- Exercise objective: Using the data below, restate exactly every line from the one with "Aikesi Bolso del" up to and including the one with "Monster Energy Live Wallpaper 480x800". No picture belongs in it.

- Data for analysis:
[Start of Attachment]
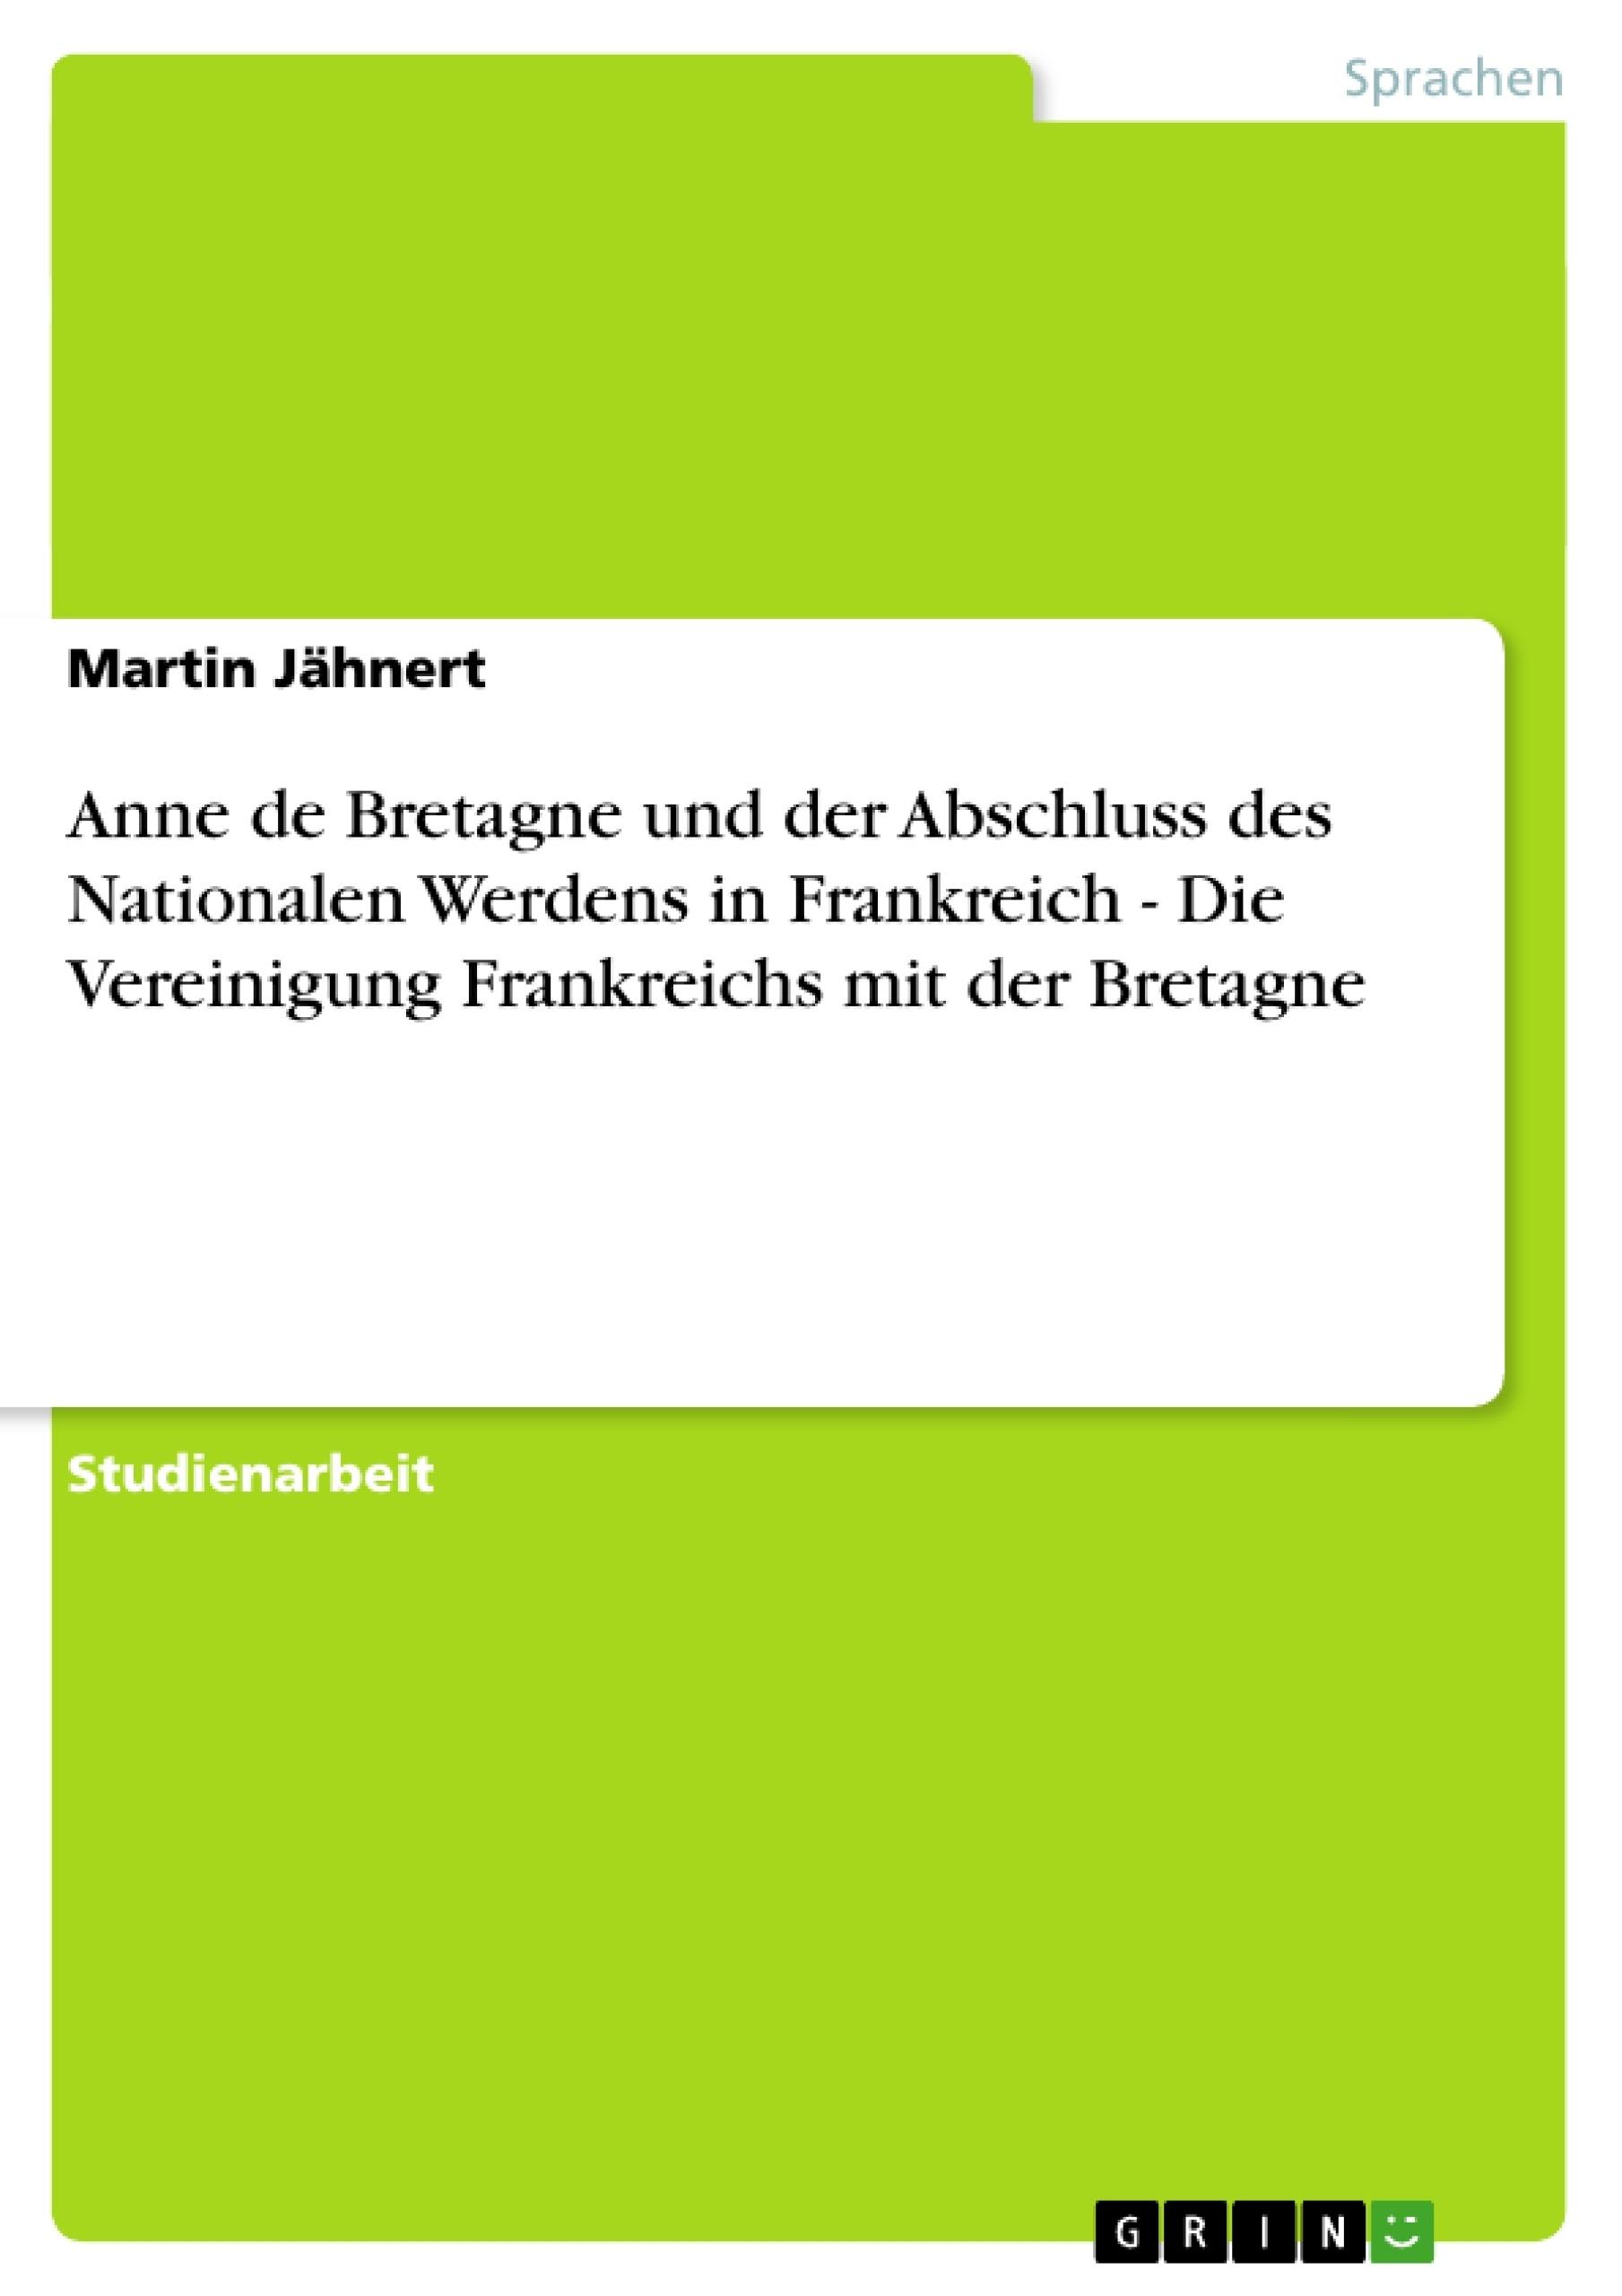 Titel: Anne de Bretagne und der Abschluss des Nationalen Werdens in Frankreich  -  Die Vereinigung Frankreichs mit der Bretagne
[End of Attachment]
[Start of Attachment]
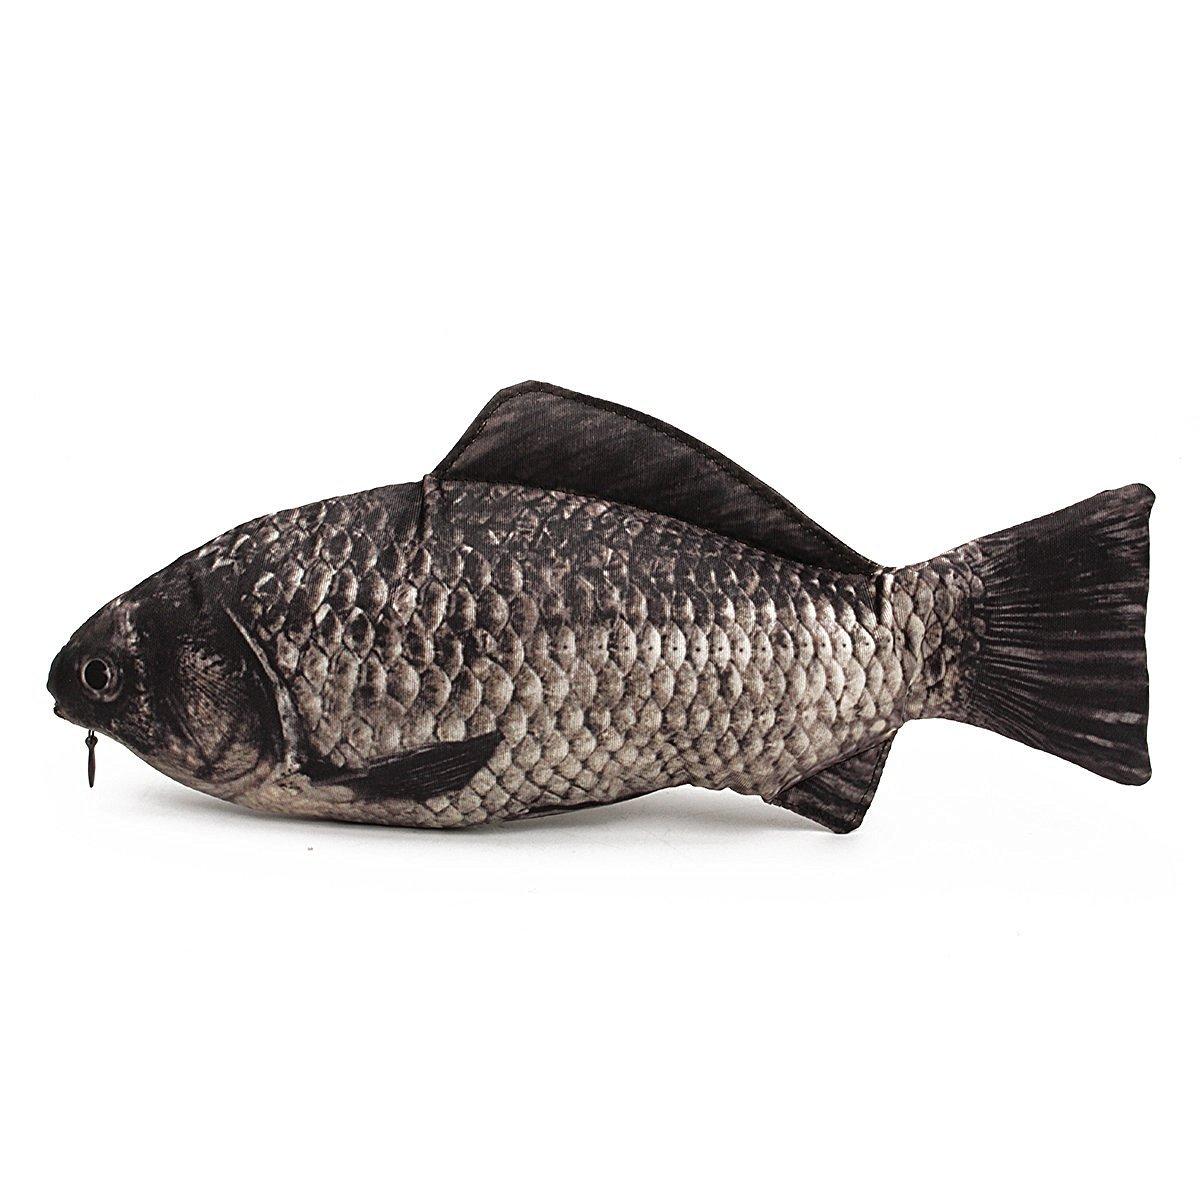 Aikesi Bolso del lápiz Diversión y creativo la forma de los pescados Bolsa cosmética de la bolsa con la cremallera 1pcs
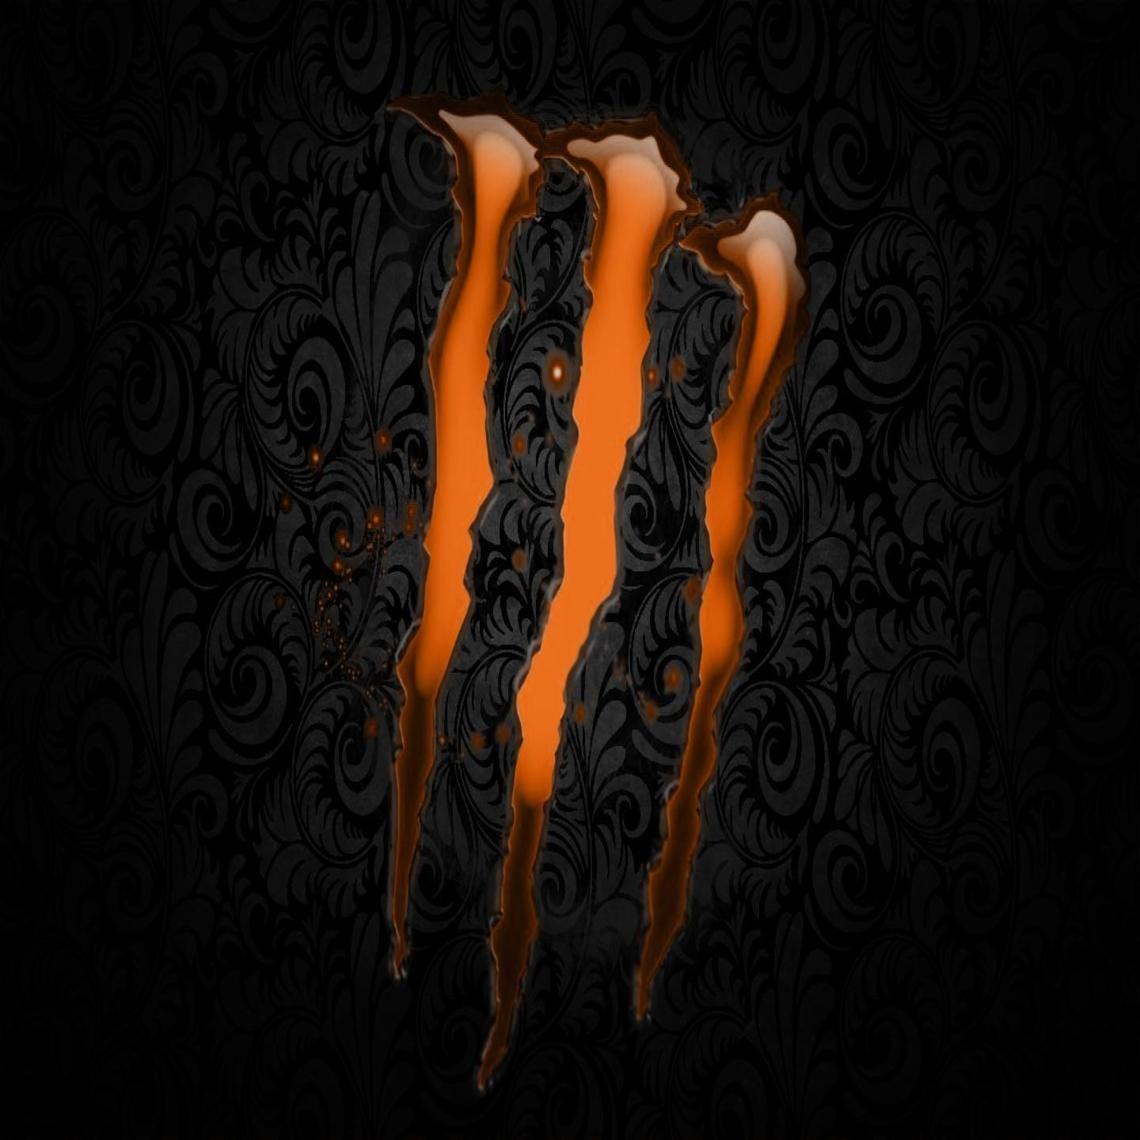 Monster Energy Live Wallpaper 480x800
[End of Attachment]
[Start of Attachment]
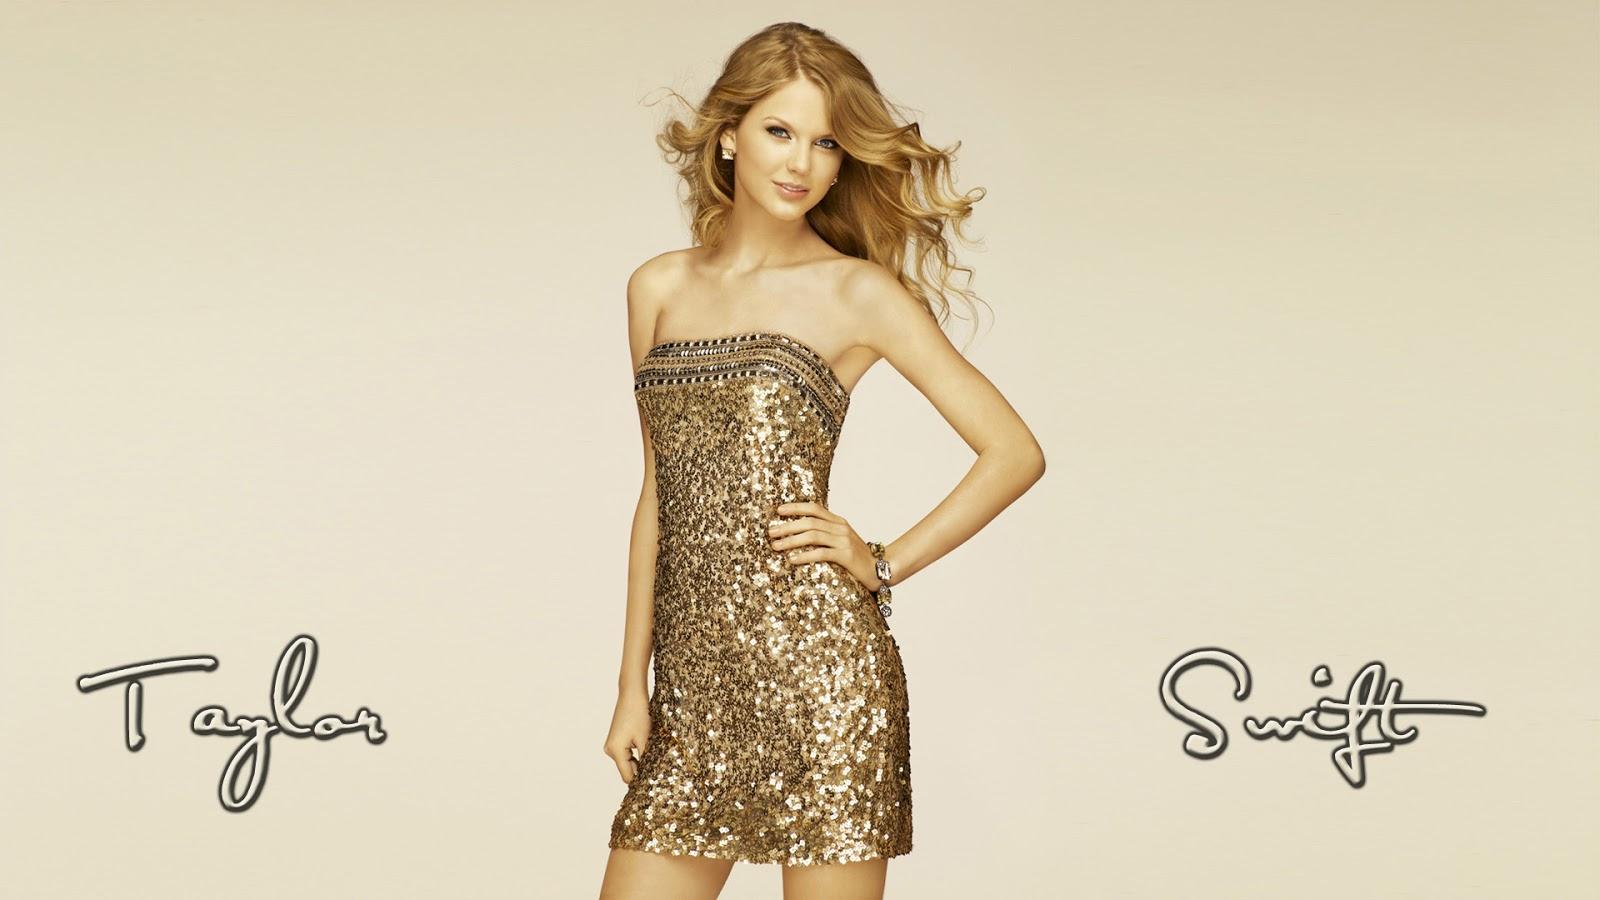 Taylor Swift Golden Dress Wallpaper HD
[End of Attachment]
- Result for this task:
 Aikesi Bolso del lápiz Diversión y creativo la forma de los pescados Bolsa cosmética de la bolsa con la cremallera 1pcs
 Monster Energy Live Wallpaper 480x800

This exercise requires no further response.